大沢在昌の作品は、代表作の「新宿鮫」シリーズを何冊か読んだことがある。彼の趣味は釣り。それが、事件解決のヒントとして描かれる。未熟だが健気な若き警官と、職員、鉱員、組夫として、この島で働く「過去に訳アリ」のそれぞれの男たちの反目と信頼が、この作品を引き立てている。

「錨を上げよ(上・下)」(百田尚樹、講談社)

2014/06/01

昭和30年、大阪に生まれた主人公の波乱万丈、奇想天外、支離滅裂、そして竜頭蛇尾な青春小説。哲学、思想、文学、音楽、歴史など、著者の広範な博識と想像力に敬服する一方、上下巻で約1200ページ、とにかく長い。
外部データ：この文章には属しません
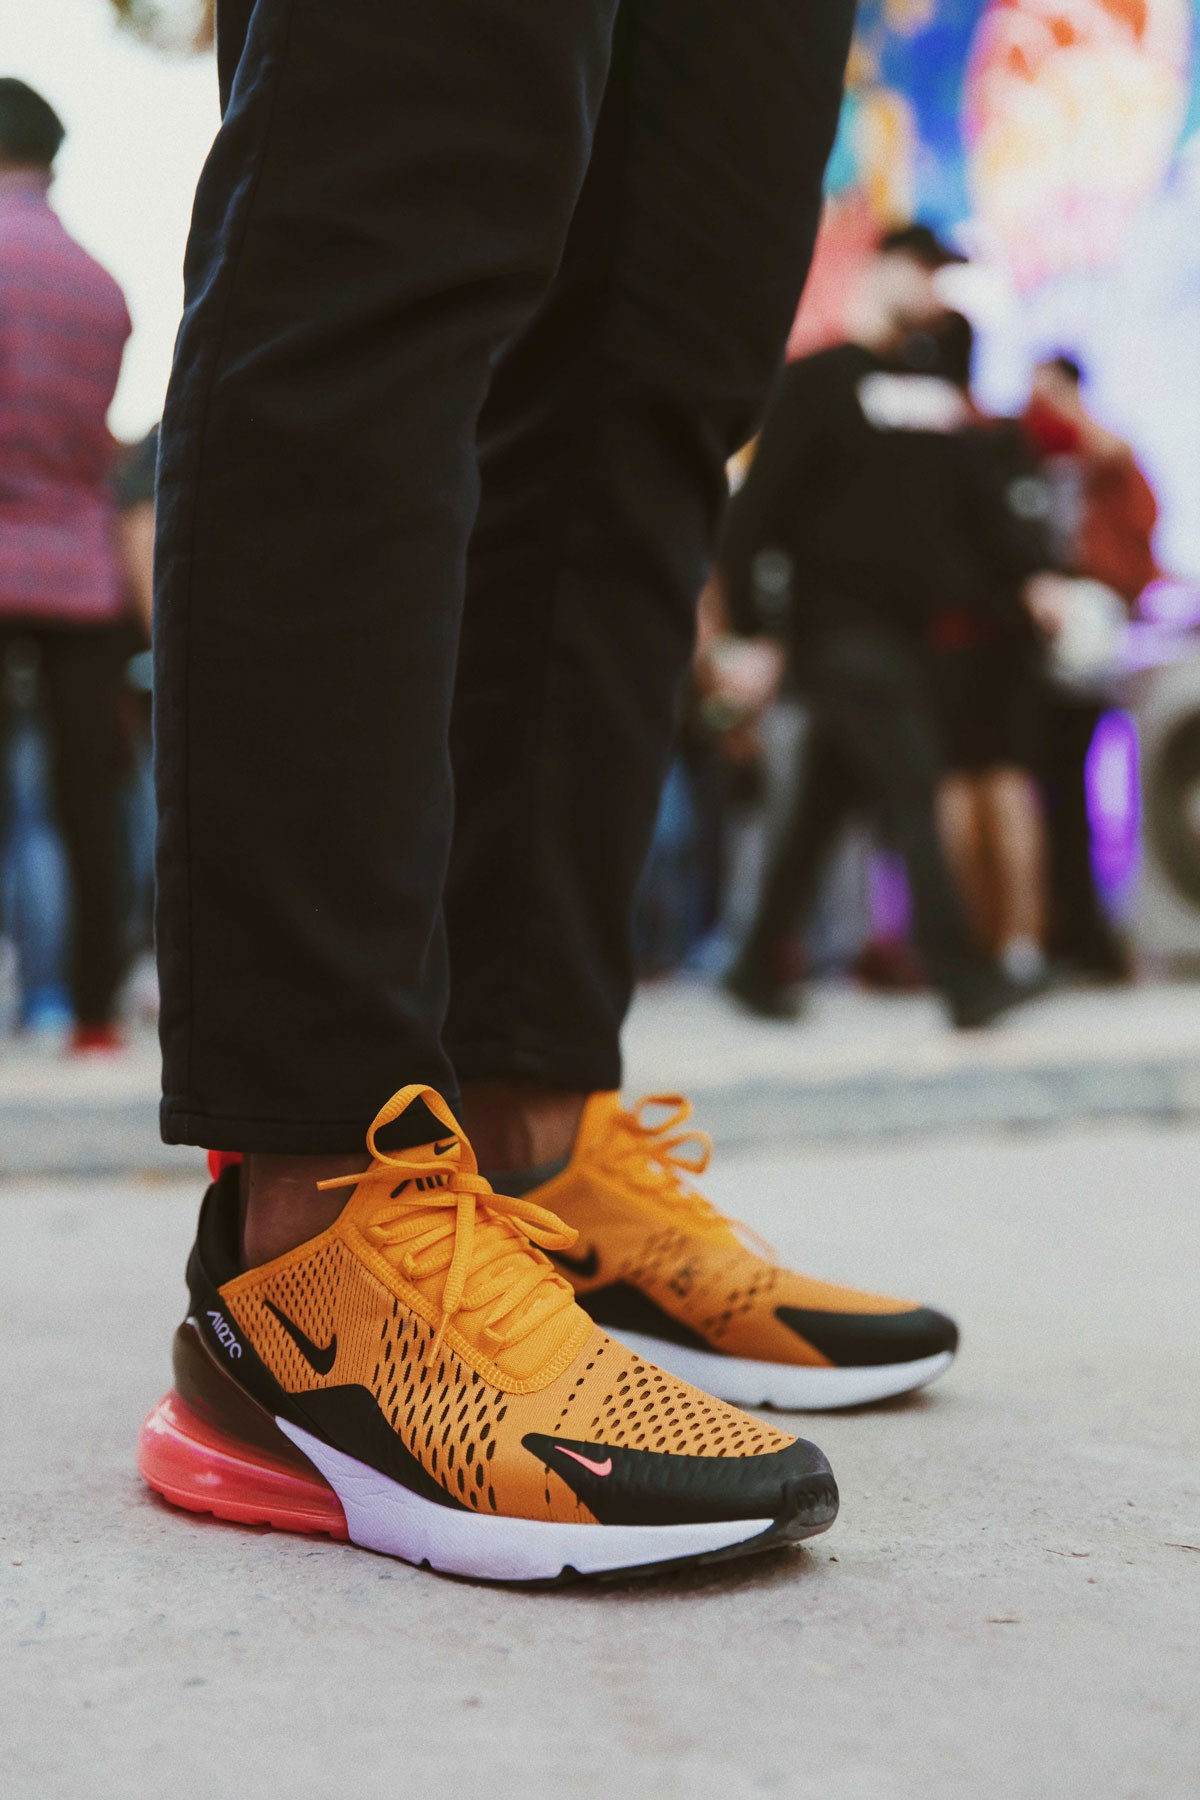 india indian sneakerhead sneakers shoes footwear mumbai bombay new dehli nike adidias yeezy boost originals air jordan air max day sneakercon

後半は各段落の最初の1行と会話部分のみの飛ばし読みで、やっと読了。

落ちこぼれで喧嘩早い悪ガキが、家族、友人、女性、同僚など多くの人々との接触を通して、大人になっていく。高校卒業後、スーパーに就職するがすぐに退職。一念発起して猛勉強し、大学に入学するものの中退し、上京。麻雀店、レコード店、パチンコ屋の店員、肉体労働、運送会社社員、水商売の呼び込み、北海道でのウニの密漁、放送作家、そしてタイ人女性の日本への送り込みと、どこまでが著者の実体験か不明だが、女性との離別を転機に、仕事も目まぐるしく変わる。

あれだけ多くの人と出会い、さまざまな仕事を経験すれば、主人公の「僕」は、よりスケールの大きな人間に成長してもいいと思うが、大人になっても、やっていることは悪ガキ時代の延長の感がある。長編に著者も疲れたのか、エピローグは尻切れトンボで、手抜きの印象も受ける。
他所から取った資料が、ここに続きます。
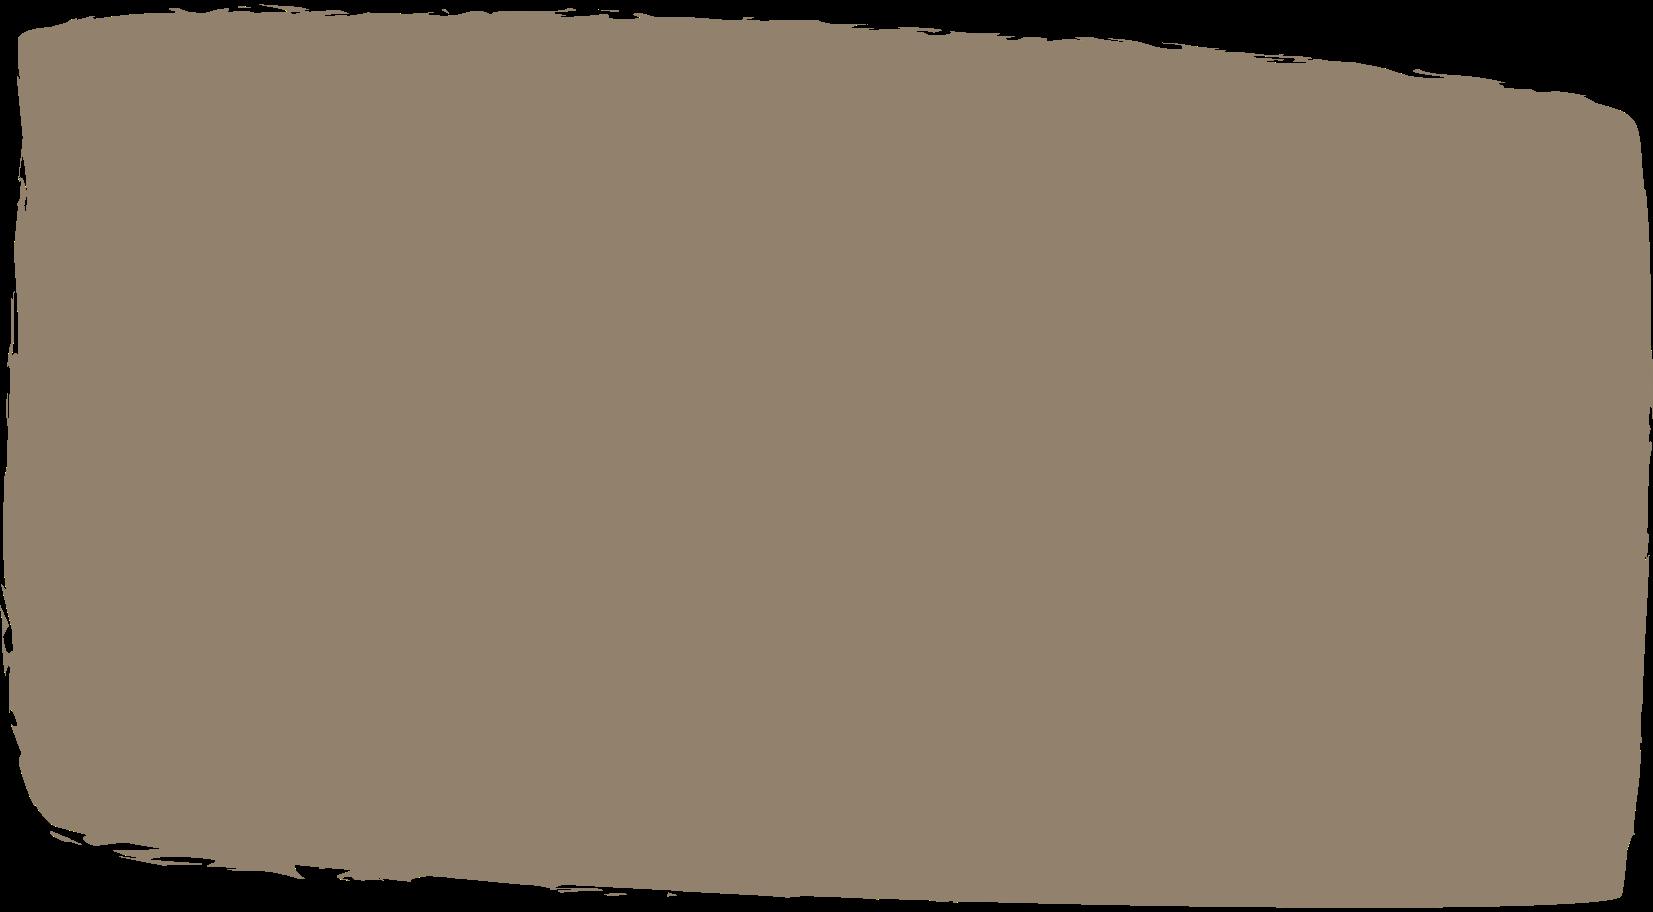 rectangle-dark-grey Clipart illustration in PNG, SVG

「生命の未来を変えた男」(NHKスペシャル取材班、文春文庫)

2014/06/05

副題は、「山中伸弥・iPS細胞革命」。人の体はおよそ200種類の細胞が60兆個集まってできているが、山中教授が発見したiPS細胞(人口多能性幹細胞)は、ヒトの皮膚の細胞に4つの遺伝子を入れることで、細胞の初期化が起こり、そのほかの組織や臓器の細胞に変化する万能細胞で、再生医療、創薬、病態再現(病気のメカニズムの解明)など人類の生命や未来を切り開く可能性を秘めた細胞として期待されている。また、ES細胞のように受精卵を壊すという倫理的問題も克服した。

2012年にノーベル賞を受賞した山中教授の強い思いは、「どうすれば、一日も早く、患者さんの役に立てるか」。がん化のリスク、数兆円ともいわれる莫大な利益をもたらす熾烈な特許取得競争、国家プロジェクトとしての知的財産保護や研究者支援など課題は多いが、このiPS細胞の発見は世界中の研究者を刺激し、人類のための具体的な成果は日々加速している。